Dimitri Vogt
Ein Kletterer mit Prinzipien

Die Olympischen Spiele von Tokio rücken immer näher. Vor einem Jahr hat Dimitri Vogt zur allgemeinen Überraschung beschlossen, sich aus ökologischen Gründen aus dem Olympia Kletterpool zurückzuziehen. Der 22-jährige Berner hat uns bei sich in Worben (BE) empfangen, um uns seine Entscheidung zu erklären und mit uns über den Klettersport zu sprechen.

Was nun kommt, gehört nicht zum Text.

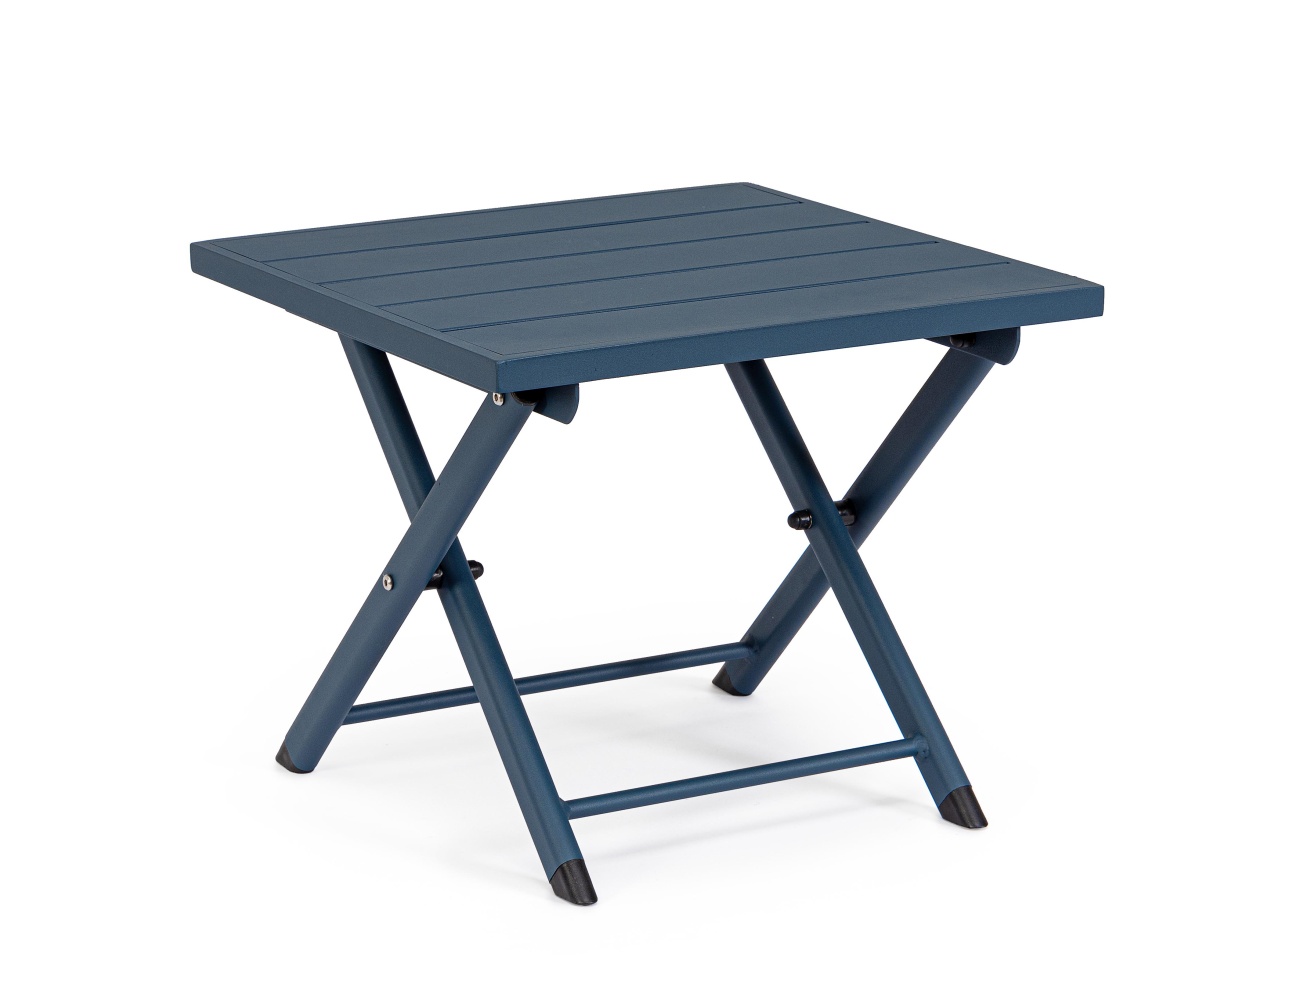 Der Gartenbeistelltisch Taylor überzeugt mit seinem modernen Design. Gefertigt wurde er aus Aluminium, welches einen blauen Farbton besitzt. Das Gestell ist auch aus Aluminium. Der Tisch besitzt eine Größe von 44x43 cm. Der Tisch ist klappbar.

Das grosse Teenager-Zimmer, in dem Dimitri Vogt an seiner Technik feilt und seine Muskeln stählt, sieht aus wie eine Kletterhalle. Rund 600 Griffe hat er im Lauf der Jahre und der Einnahmen an den fünf Meter hohen Wänden seiner 30-Quadratmeter-Bude angebracht. In einer Ecke, zwischen einem Haufen ausgelatschter Kletterschuhe und einem anderen mit Klettergurten, Hanteln und Expresssets, scheint sich ein Bücherregal verirrt zu haben. Darauf stehen fast nur Kletterführer sowie ein paar Bücher zu Geologie und Umweltschutz.

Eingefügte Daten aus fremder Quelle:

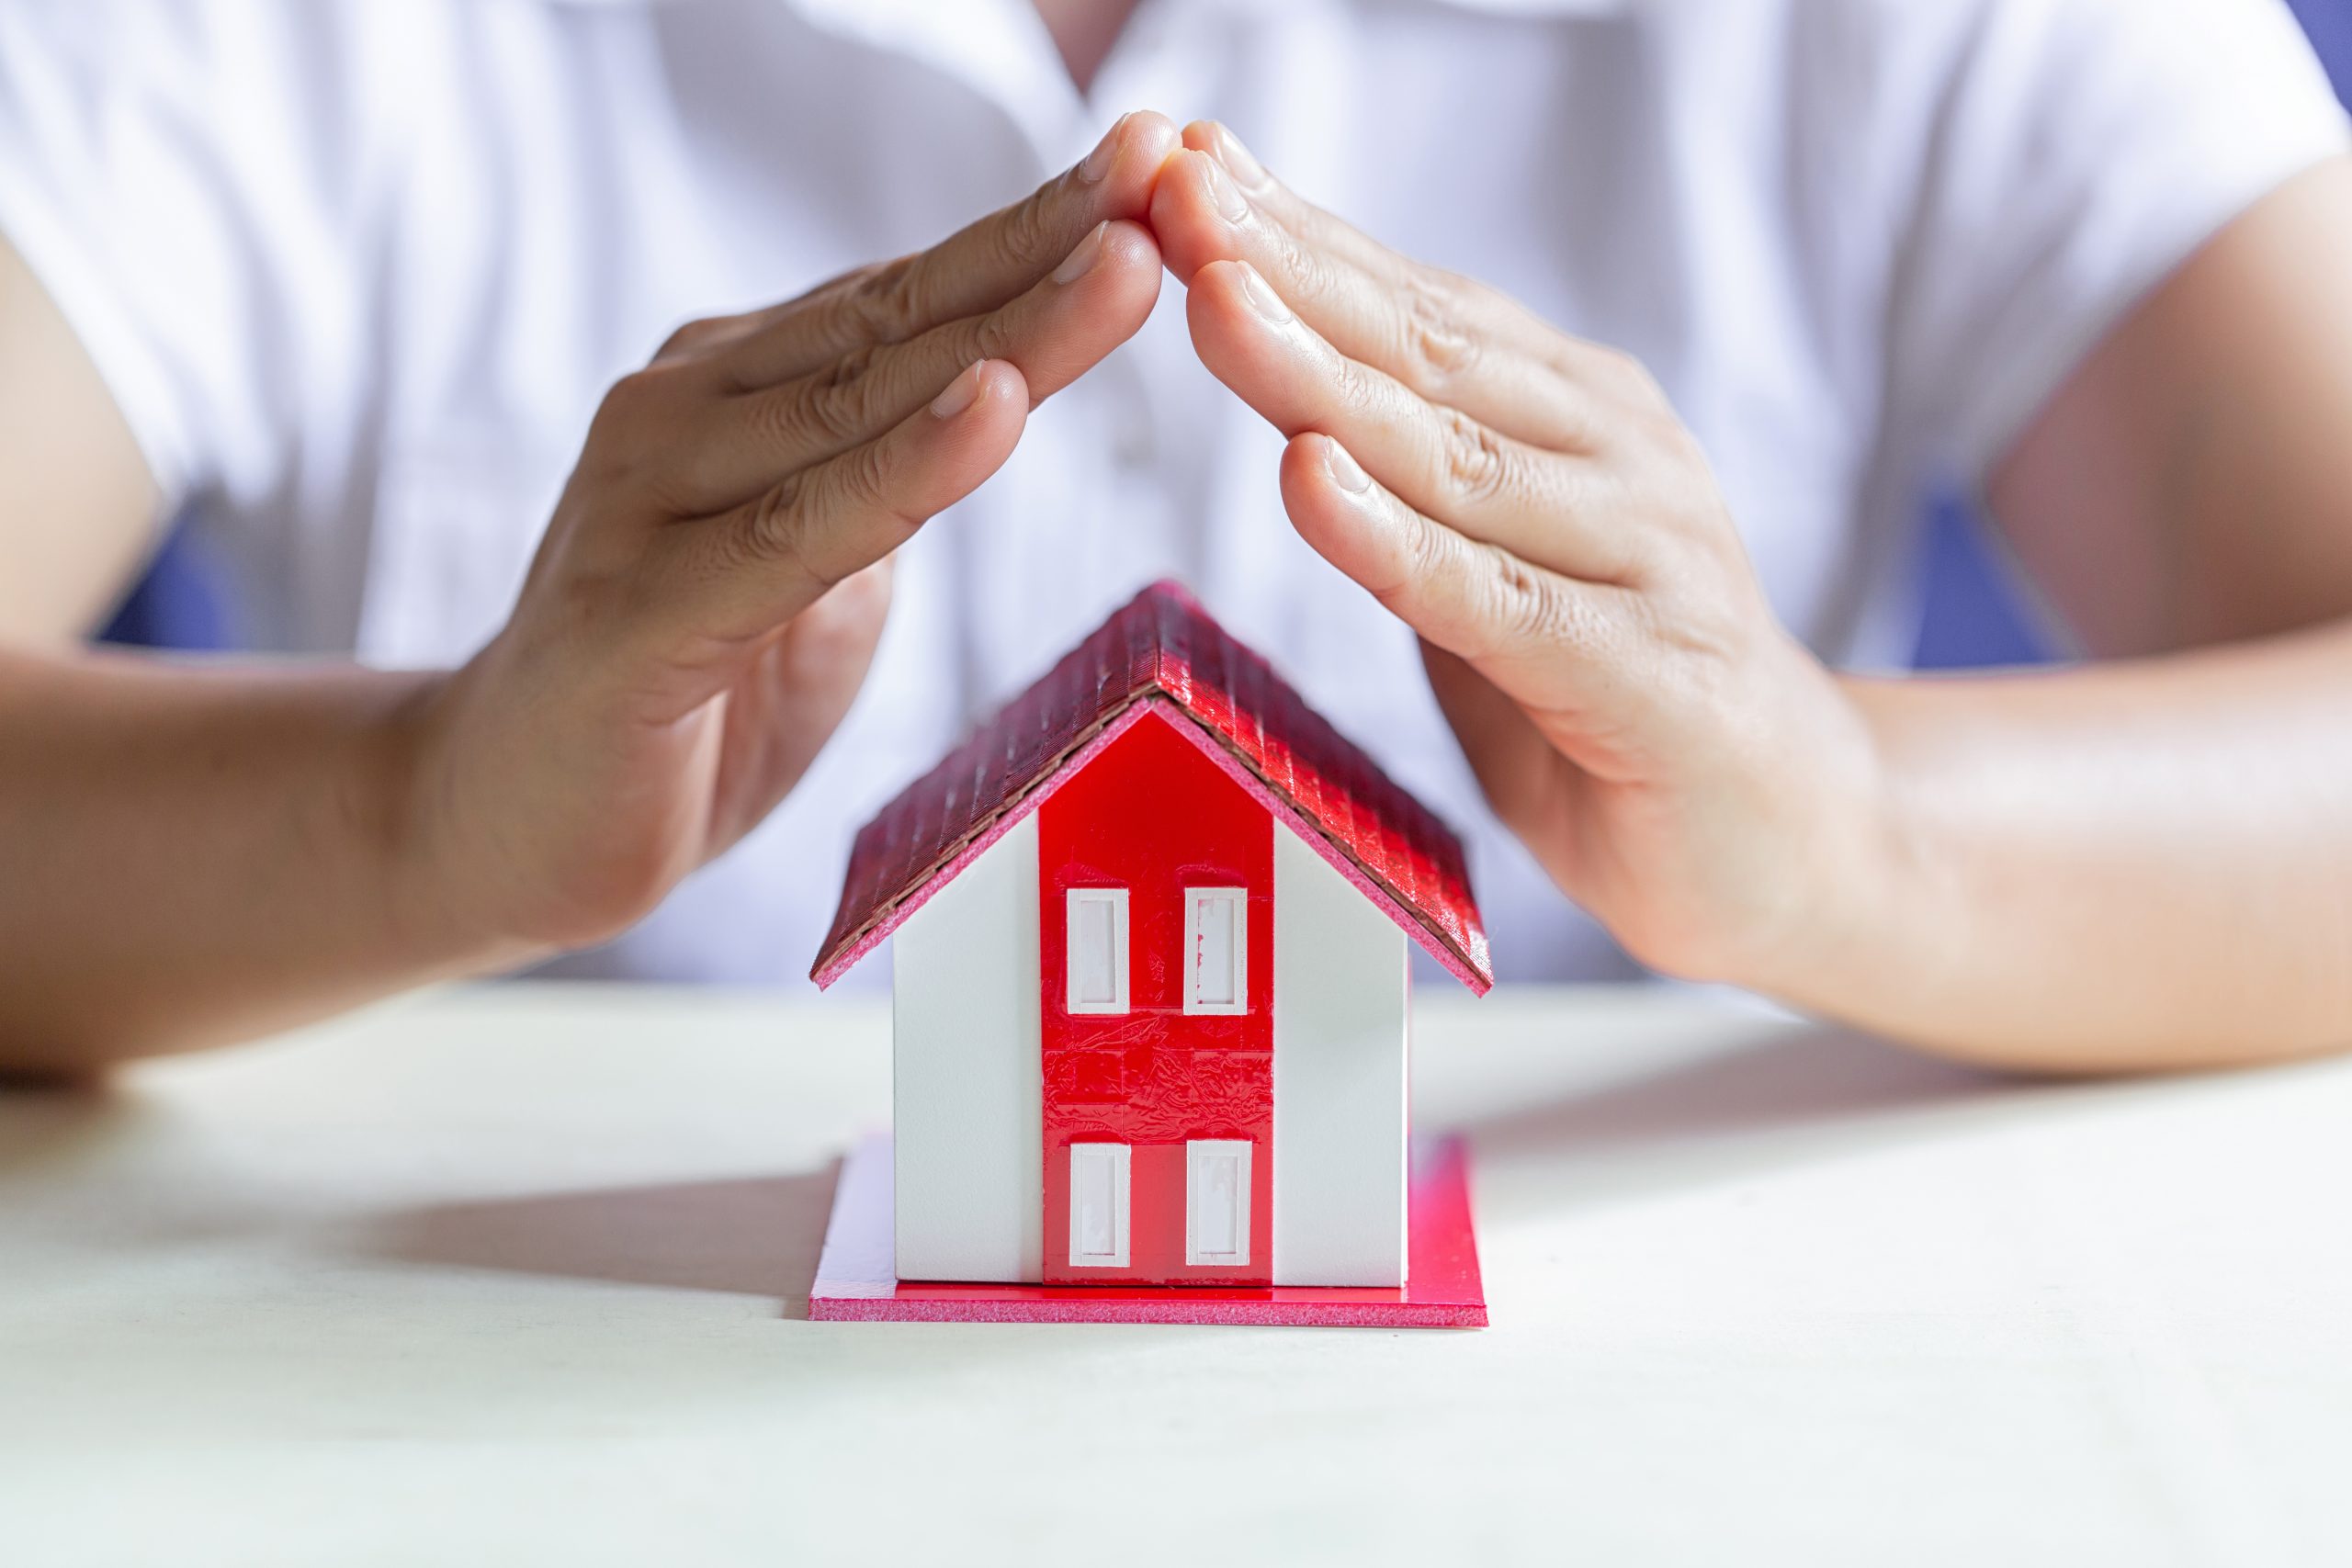 Assurance multirisque habitation : Ce que vous avez besoin de savoir

Dimitri Vogt ist Mitglied der Elite-Nationalmannschaft von Swiss Climbing und Speed-Schweizermeister 2018. Er isst, schläft, träumt und atmet fürs Klettern. 20 bis 25 Stunden trainiert er pro Woche, an sechs von sieben Tagen – ganz freiwillig, denn er liebt, was er tut. Umso mehr überraschte sein Entschluss, auf die Olympischen Spiele in Tokio zu verzichten. Erstens ist dort seine Lieblingsdisziplin erstmals vertreten, zweitens war er Mitglied des exklusiven Olympia-Pools, dem nur fünf Schweizer Hoffnungsträger angehören. «Ich stehe voll und ganz hinter der Entscheidung», beteuert Dimitri. Während er im Schneidersitz auf einem seiner vielen Crashpads sitzt und uns seine Beweggründe erläutert, bestreiten seine Teamkameraden von Swiss Climbing Wettkämpfe auf der ganzen Welt.
Seine Wahl verschliesst ihm Türen und öffnet ihm neue
Sein Talent, seine Leidenschaft und seine Arbeit hatten ihn bis nach Neukaledonien, China und in die USA gebracht. Dieses internationale Kapitel ist jetzt weitgehend geschlossen. Der junge Bieler fährt nur noch an Wettkämpfe, die mit dem Auto oder den öffentlichen Verkehrsmitteln erreichbar sind. Er hat sich die schwierige Entscheidung reiflich überlegt: «Letztes Jahr habe ich begonnen, mich mit Umweltschutz und Klimawandel zu befassen. Ich habe viel darüber gelesen und an der Universität Bern, wo ich Geologie studiere, einen Kurs zur nachhaltigen Entwicklung besucht. Das hat mir die Augen geöffnet. Mir wurde klar, dass unsere westliche Lebensweise viel mit dem Klimawandel zu tun hat. Dass es uns materiell so gut geht, geschieht teilweise auf Kosten anderer Menschen. Wenn ich mit mir selbst ehrlich sein wollte, musste ich an meinem Leben etwas ändern.»